1. For Assignment 1, please finish and save the project proposal first using a word processing tool (e.g., Microsoft Word), then save the project proposal in the PDF format and submit it on Moodle. Important: In addition, please submit your project proposal via this Google Form. This will help the teaching team distribute the submissions for peer grading, as detailed above. If you do not submit your Assignment 1 via the provided Google Form, you will not receive peer-reviewed scores from your peers for the two assessment criteria: Problem Importance and Novelty.
2. Please ensure you name the file containing your proposal/report/slides correctly using the following format:
FirstName_StudentNumber_AssignmentNumber(_report or _slides).pdf
e.g., Guanliang_12345678_Assignment1.pdf or
Guanliang_12345678_Assignment3_report.pdf or
Guanliang_12345678_Assignment3_slides.pdf
3. Upload your assignment file in the corresponding assignment link provided on Moodle.
Those unable to attend week 12 applied class for presentation:
Those who cannot do the presentation in their original applied class and would like to attend another applied class to do the presentation, please first contact the tutors ofthe class that you would like to attend to check whether the tutors have additional capacity to accommodate you and if yes, then you can join the class for presentation. We cannot guarantee that you will be admitted to another applied class for presentation if you cannot attend your original class due to the limited capacity the teaching team has.
Those who cannot do the presentation in any applied classes due to valid mitigating circumstances, can record and submit a video 4 minutes duration, through Youtube along with slides. Please notice that, if you choose to do a video presentation, that means you will lose the 3% verbal presentation as well as the 5% peer-review evaluation in Assignment 3, i.e., only a maximum of 2% will be given for Presentation (Slides + Verbal Presentation + Peer-review Evaluation) if you fail to give a verbal presentation. We recommend you produce a video by doing a 4 minute screen capture of your slides with voice over entered concurrently via microphone. You must upload your video through Youtube (make it unlisted, not private), and provide a LINK to your Youtube video in your submission (on the first page of the presentation slides) on Moodle. However, DO NOT include your video on Moodle as part of the submission. Please check the details of this, and confirm with a lecturer and your tutor a week in advance of presentation week.
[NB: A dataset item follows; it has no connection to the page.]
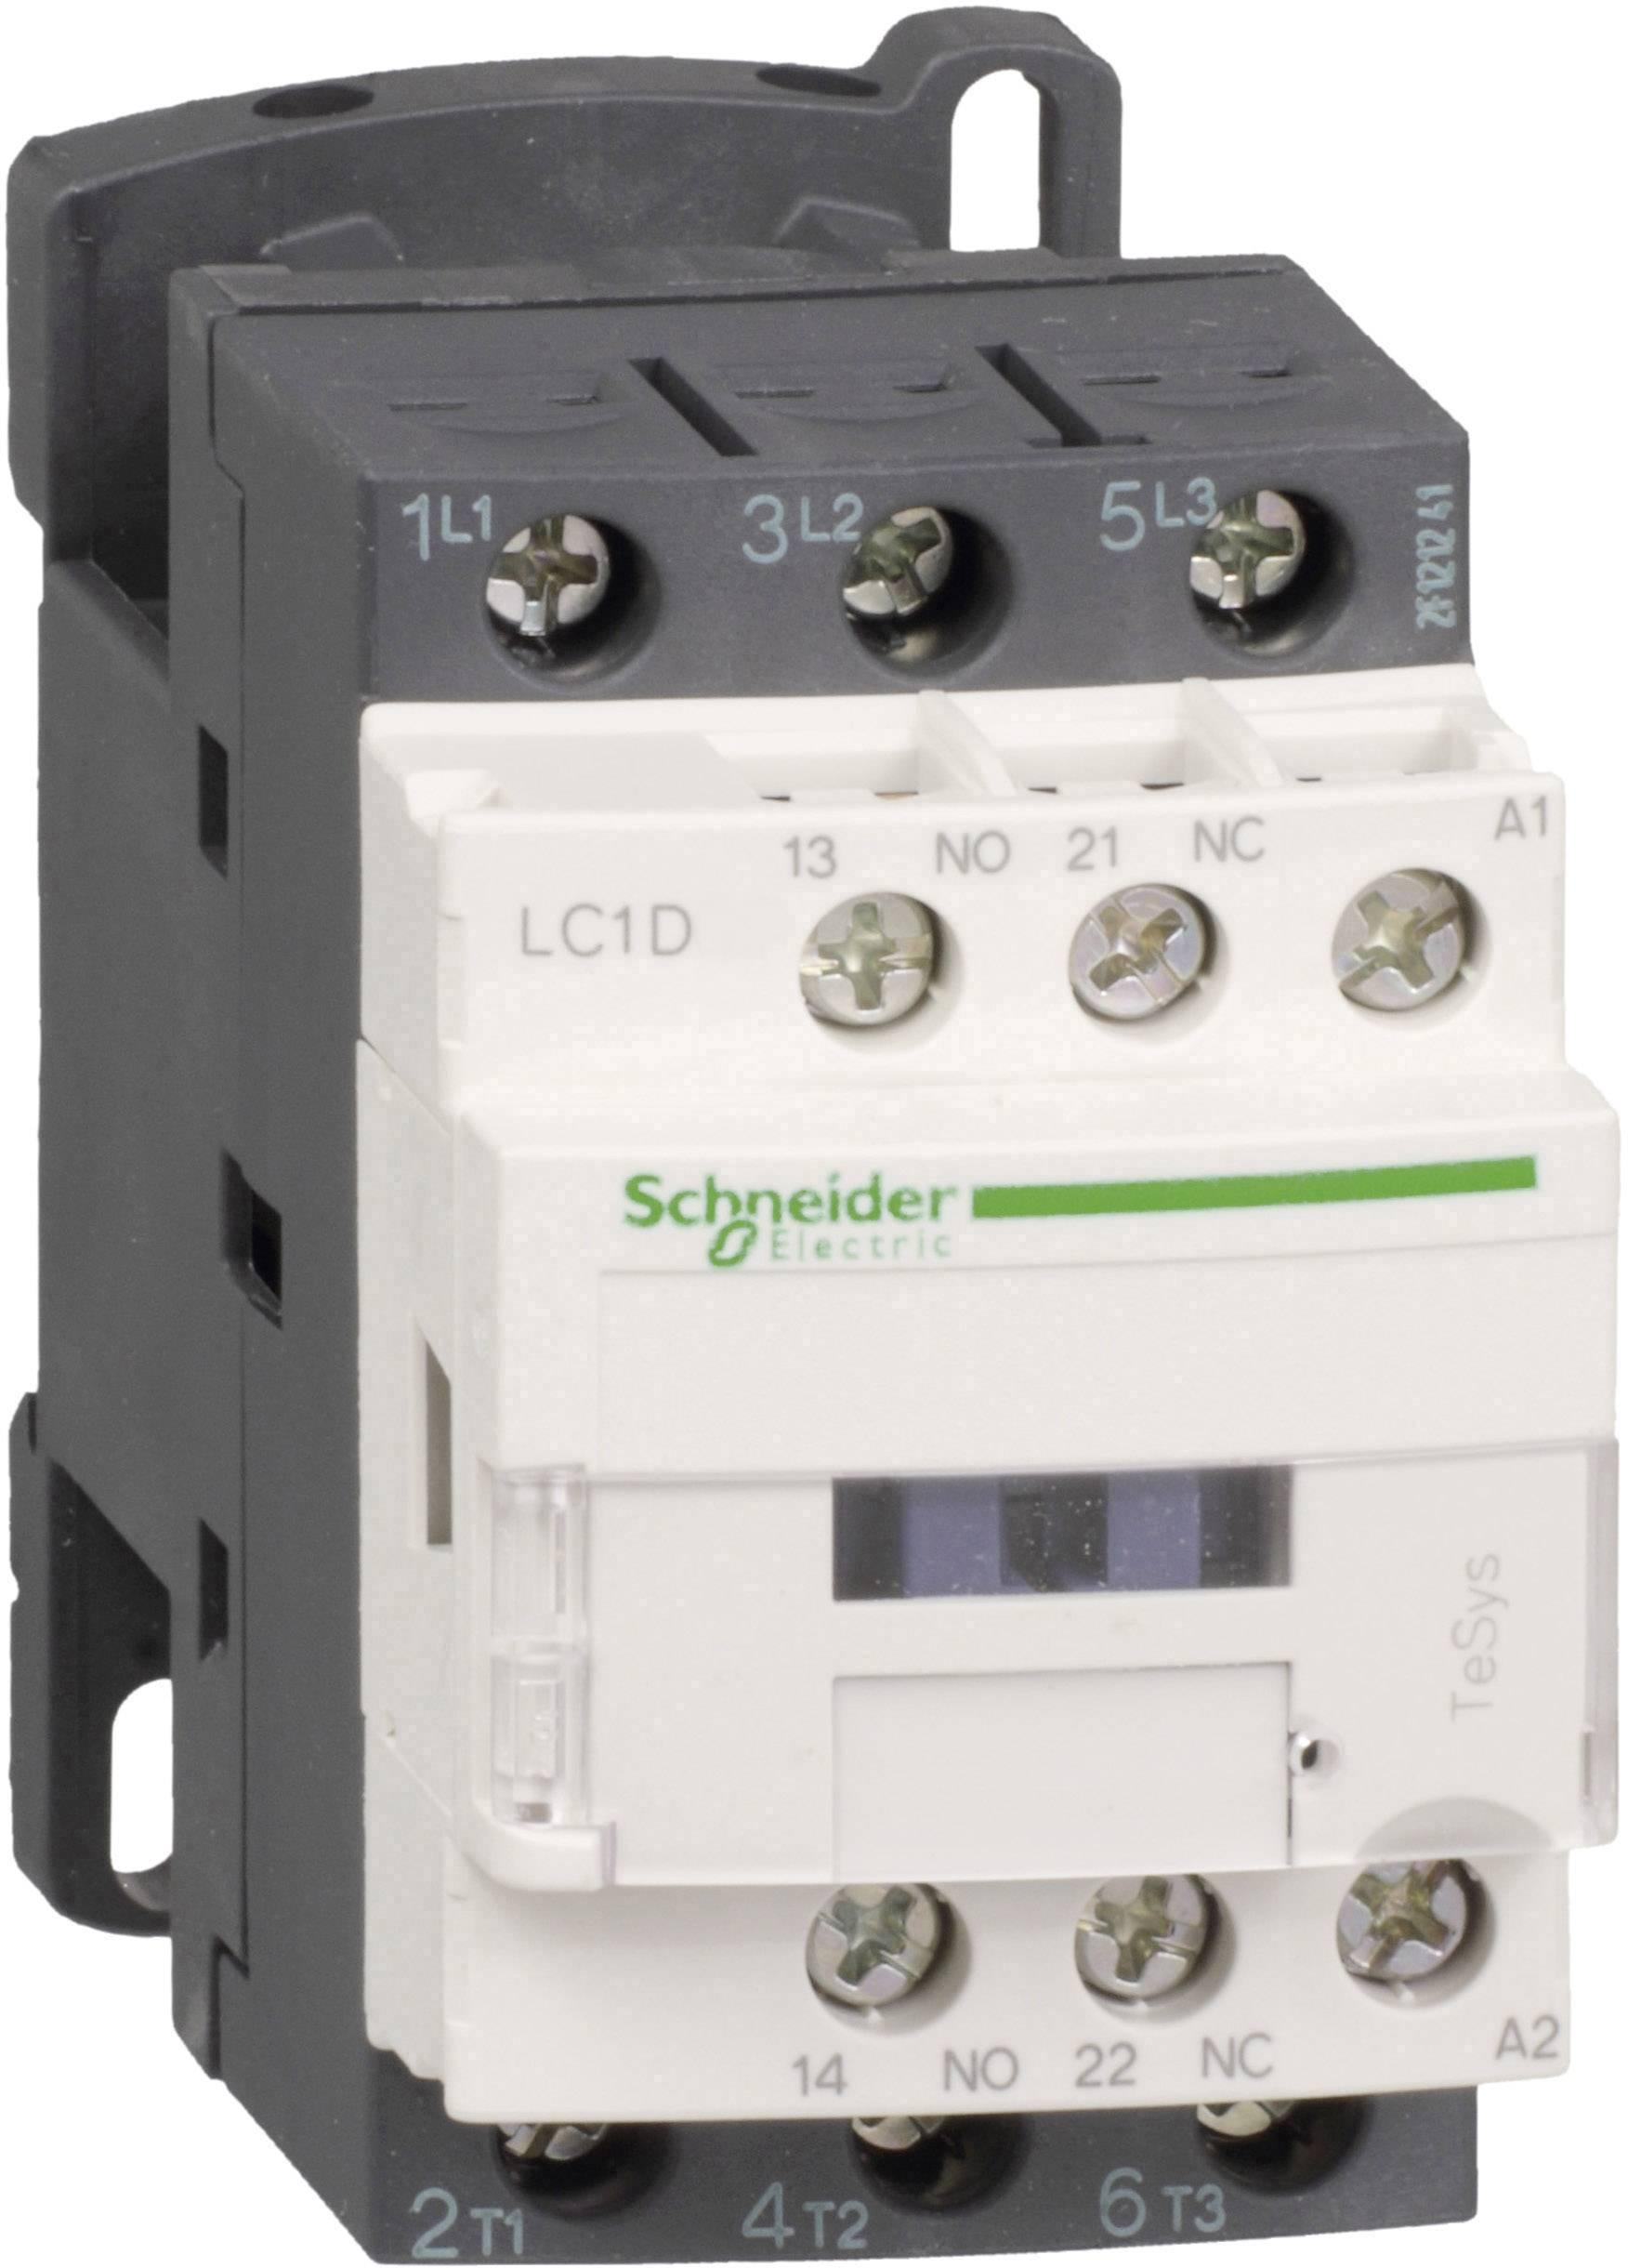 Schneider Electric LC1 D09 BD Contactor 1 pc(s) 1 maker, 1

Further advice on the assignment:
Here is some further advice from the teaching team regarding the assignment:
1. Make sure to carefully read the assignment specification above.
2. The project should be data-centred -- ideally combining multiple sources of data to develop your own project that can solve a real-world problem.
3. The project should contain a clear statement of the problem being tackled. What is the objective/purpose of the project?
4. Ensure that the project's novelty and benefits are clearly communicated. What makes the project novel? Will it provide financial benefits or contribute to social good?
5. The report needs to be "telling a story", and to be convincing somebody to "invest in your project" so that it can be built.
6. Try not to make the project too broad. It should be an achievable data science project.
7. Read up as much as you can on the particular topic you've chosen in order to be able to describe the data (and software) requirements of the project.
8. Make it clear where the data would come from for the project:
o Is the data proprietary? How would it be collected?
o If the data is public, you should do some exploratory data analysis on it.
9. What preprocessing would be needed? How would the data need to be preprocessed before it can be used? What software might be needed? Can the preprocessing be distributed?
10. Finally, make sure you've seen the set of possible section headings suggested above and structure your report accordingly.